以下是完整的 Python 脚本。运行前请确保安装了 xgboost, shap, pandas, matplotlib, scikit-learn 等依赖。

你只需要把 FILE_PATH 改成你自己的数据路径，调整一下映射字典，运行后在同级目录下就会自动生成 10 张高清美图和一个模型指标评估表（包含 R², RMSE, MAE）。

python 复制代码

# -*- coding: utf-8 -*-
"""
功能：XGBoost 模型训练及 10 种出版级 SHAP 可视化出图
特点：高分辨率 (400 DPI)、明亮极简配色、支持中文字段映射
"""

import os
import sys
import importlib
import numpy as np
import pandas as pd
import matplotlib.pyplot as plt
import xgboost as xgb
from sklearn.metrics import mean_absolute_error, mean_squared_error, r2_score
from sklearn.model_selection import train_test_split

if __name__ == "__main__":
    current_dir = os.path.dirname(os.path.abspath(__file__))
    sys.path = [p for p in sys.path if os.path.abspath(p or ".") != current_dir]

shap = importlib.import_module("shap")

# ==================== 参数配置区 ====================
FIG_DPI = 400
TOP_N = 15
RANDOM_HEATMAP_SAMPLES = 20

# 数据路径请替换为您自己的 CSV
FILE_PATH = "./data/dataset.csv"
TARGET_COL = "XHM"

# 字段映射（为了图表展示更直观）
FEATURE_CN_MAP = {
    "Feat1": "人均GDP",
    "Feat2": "专利/万人",
    "Feat3": "对外开放度",
    "Feat4": "产业高级化",
    "Feat5": "科技支出占比",
    "Feat6": "交通可达性",
    "Feat7": "普惠金融指数",
}
TARGET_CN_NAME = "韧性指数"

# 解决图表中文字体显示问题
plt.rcParams["font.family"] = ["SimSun", "DejaVu Sans"]
plt.rcParams["axes.unicode_minus"] = False
# ====================================================

# 1. 数据加载与清洗
df = pd.read_csv(FILE_PATH)
df_numeric = df.select_dtypes(include=[np.number])
df_numeric = df_numeric.loc[:, df_numeric.nunique(dropna=True) > 1]
df_numeric = df_numeric.replace([np.inf, -np.inf], np.nan).dropna()
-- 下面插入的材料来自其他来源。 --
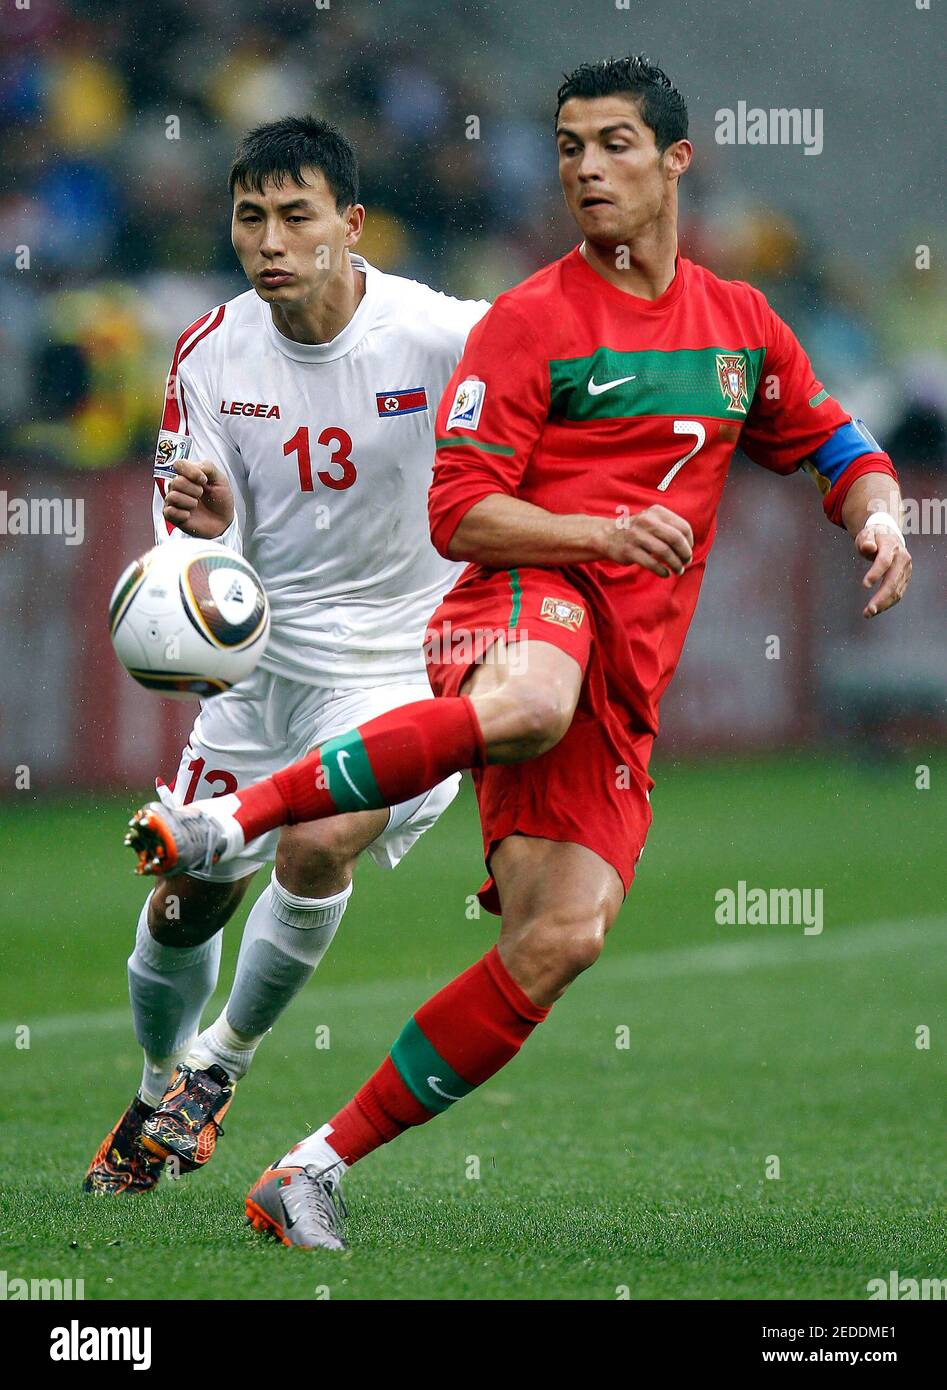 Football - Portugal v North Korea FIFA World Cup South Africa 2010 - Group  G - Green Point Stadium, Cape Town, South Africa - 21/6/10 Portugal's  Cristiano Ronaldo and Chol Jin Pak

if TARGET_COL not in df_numeric.columns:
    raise ValueError(f"目标列 `{TARGET_COL}` 不在数据中。")

X = df_numeric.drop(columns=[TARGET_COL], errors="ignore")
y = df_numeric[TARGET_COL]
X = X.rename(columns=FEATURE_CN_MAP)
y = y.rename(TARGET_CN_NAME)

X_train, X_test, y_train, y_test = train_test_split(
    X, y, test_size=0.2, random_state=42, stratify=None
)

# 2. 模型训练与评估
model = xgb.XGBRegressor(
    n_estimators=1000, learning_rate=0.05, max_depth=6, random_state=42
)
model.fit(X_train, y_train)

y_pred = model.predict(X_test)
test_r2 = r2_score(y_test, y_pred)
test_rmse = np.sqrt(mean_squared_error(y_test, y_pred))
test_mae = mean_absolute_error(y_test, y_pred)

metrics_df = pd.DataFrame(
    {
        "Metric": ["R2", "RMSE", "MAE"],
        "Value": [test_r2, test_rmse, test_mae],
    }
)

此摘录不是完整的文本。